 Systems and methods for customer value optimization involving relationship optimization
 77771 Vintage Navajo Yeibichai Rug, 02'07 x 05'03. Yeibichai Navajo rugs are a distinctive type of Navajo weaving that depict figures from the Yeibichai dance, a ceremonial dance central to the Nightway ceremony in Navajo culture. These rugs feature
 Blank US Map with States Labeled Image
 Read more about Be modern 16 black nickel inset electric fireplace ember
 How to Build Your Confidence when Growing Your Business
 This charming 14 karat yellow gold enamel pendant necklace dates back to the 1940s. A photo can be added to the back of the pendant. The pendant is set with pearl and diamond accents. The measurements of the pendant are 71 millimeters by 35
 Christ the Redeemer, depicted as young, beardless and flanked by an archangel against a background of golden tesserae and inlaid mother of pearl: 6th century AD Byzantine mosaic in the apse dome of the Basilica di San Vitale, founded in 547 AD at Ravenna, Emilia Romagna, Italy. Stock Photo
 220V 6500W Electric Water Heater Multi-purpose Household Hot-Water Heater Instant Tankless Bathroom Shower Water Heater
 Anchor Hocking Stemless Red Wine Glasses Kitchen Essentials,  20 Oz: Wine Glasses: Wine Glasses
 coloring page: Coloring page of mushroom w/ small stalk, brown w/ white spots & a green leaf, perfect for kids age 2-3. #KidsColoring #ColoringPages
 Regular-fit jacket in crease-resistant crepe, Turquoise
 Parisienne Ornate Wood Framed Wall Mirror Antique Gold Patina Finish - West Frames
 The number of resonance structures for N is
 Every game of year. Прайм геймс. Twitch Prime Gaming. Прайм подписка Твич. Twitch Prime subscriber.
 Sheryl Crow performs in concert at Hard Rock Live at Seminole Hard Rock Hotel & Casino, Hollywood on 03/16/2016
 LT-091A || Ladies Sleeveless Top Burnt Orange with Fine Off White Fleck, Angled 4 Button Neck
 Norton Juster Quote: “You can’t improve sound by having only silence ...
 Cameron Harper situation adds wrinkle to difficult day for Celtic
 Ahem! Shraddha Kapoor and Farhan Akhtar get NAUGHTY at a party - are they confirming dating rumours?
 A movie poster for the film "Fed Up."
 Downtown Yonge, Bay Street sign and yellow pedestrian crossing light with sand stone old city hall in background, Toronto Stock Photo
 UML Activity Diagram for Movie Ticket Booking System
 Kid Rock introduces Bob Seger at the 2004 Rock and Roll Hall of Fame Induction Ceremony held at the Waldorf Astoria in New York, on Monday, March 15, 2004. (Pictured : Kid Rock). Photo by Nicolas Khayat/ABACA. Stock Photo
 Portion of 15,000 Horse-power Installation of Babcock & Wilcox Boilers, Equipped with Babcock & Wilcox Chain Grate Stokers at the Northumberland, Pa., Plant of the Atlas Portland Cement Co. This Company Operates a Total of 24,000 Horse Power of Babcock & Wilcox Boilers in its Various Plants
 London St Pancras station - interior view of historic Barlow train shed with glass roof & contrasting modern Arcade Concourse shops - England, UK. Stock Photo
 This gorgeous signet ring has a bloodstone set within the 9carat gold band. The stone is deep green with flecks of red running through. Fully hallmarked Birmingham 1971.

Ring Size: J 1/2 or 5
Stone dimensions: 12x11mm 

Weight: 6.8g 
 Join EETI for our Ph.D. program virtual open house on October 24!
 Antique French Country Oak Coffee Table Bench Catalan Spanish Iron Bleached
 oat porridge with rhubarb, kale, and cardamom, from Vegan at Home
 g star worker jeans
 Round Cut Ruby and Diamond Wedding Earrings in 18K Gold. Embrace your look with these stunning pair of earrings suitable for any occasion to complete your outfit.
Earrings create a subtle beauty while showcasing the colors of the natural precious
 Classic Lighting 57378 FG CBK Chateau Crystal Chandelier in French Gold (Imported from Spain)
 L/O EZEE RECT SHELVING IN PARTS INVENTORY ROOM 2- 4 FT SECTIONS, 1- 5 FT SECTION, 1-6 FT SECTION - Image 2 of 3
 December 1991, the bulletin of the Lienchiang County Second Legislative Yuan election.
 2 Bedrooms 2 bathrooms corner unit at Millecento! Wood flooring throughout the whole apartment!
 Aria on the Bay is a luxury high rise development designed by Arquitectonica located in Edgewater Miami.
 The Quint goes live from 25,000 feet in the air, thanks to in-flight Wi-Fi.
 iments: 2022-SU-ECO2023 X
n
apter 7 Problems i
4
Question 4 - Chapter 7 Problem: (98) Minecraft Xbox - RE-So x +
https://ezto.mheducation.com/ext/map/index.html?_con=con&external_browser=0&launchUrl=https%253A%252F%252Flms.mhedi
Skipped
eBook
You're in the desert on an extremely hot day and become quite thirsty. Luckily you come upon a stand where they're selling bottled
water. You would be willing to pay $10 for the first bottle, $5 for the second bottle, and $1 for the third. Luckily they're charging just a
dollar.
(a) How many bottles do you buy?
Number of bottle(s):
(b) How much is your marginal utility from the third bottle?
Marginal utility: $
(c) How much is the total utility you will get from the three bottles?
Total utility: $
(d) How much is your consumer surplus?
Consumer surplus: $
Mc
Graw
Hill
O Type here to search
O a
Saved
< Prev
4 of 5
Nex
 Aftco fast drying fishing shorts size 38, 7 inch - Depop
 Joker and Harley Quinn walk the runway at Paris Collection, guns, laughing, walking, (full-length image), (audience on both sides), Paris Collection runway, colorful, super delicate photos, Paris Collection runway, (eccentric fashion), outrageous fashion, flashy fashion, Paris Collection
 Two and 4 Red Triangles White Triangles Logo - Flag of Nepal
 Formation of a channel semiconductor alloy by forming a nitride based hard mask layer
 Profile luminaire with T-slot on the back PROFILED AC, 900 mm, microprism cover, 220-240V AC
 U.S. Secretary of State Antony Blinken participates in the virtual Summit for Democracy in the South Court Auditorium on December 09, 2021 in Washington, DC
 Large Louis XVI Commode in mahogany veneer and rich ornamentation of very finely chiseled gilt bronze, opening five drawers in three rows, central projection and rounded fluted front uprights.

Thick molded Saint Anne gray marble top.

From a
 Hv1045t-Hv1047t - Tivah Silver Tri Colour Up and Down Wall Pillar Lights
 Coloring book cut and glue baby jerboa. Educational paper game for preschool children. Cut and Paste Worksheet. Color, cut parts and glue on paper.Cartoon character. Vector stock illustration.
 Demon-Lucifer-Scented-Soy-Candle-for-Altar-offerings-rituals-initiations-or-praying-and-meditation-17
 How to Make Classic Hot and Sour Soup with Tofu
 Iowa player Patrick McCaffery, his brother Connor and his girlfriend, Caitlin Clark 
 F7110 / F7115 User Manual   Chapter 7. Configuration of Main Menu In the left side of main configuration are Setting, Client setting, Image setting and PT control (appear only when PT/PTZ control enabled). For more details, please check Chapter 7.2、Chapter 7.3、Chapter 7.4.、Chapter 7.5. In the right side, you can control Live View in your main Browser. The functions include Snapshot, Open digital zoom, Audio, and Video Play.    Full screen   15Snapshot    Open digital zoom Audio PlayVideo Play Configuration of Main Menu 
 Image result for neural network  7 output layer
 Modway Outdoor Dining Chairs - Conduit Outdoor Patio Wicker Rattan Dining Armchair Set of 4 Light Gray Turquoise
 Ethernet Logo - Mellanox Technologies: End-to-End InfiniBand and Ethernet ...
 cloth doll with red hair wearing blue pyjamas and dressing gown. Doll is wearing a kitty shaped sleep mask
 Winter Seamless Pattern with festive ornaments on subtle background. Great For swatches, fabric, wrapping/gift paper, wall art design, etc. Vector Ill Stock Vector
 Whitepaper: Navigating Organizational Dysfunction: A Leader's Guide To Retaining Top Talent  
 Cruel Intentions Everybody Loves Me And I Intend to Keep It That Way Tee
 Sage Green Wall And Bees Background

What is needed:
From the entries above, print the lines beginning at the one with "Ahem! Shraddha Kapoor" and stopping after the one with "London St Pancras", exactly as written and with nothing else.

Expected output:
 Ahem! Shraddha Kapoor and Farhan Akhtar get NAUGHTY at a party - are they confirming dating rumours?
 A movie poster for the film "Fed Up."
 Downtown Yonge, Bay Street sign and yellow pedestrian crossing light with sand stone old city hall in background, Toronto Stock Photo
 UML Activity Diagram for Movie Ticket Booking System
 Kid Rock introduces Bob Seger at the 2004 Rock and Roll Hall of Fame Induction Ceremony held at the Waldorf Astoria in New York, on Monday, March 15, 2004. (Pictured : Kid Rock). Photo by Nicolas Khayat/ABACA. Stock Photo
 Portion of 15,000 Horse-power Installation of Babcock & Wilcox Boilers, Equipped with Babcock & Wilcox Chain Grate Stokers at the Northumberland, Pa., Plant of the Atlas Portland Cement Co. This Company Operates a Total of 24,000 Horse Power of Babcock & Wilcox Boilers in its Various Plants
 London St Pancras station - interior view of historic Barlow train shed with glass roof & contrasting modern Arcade Concourse shops - England, UK. Stock Photo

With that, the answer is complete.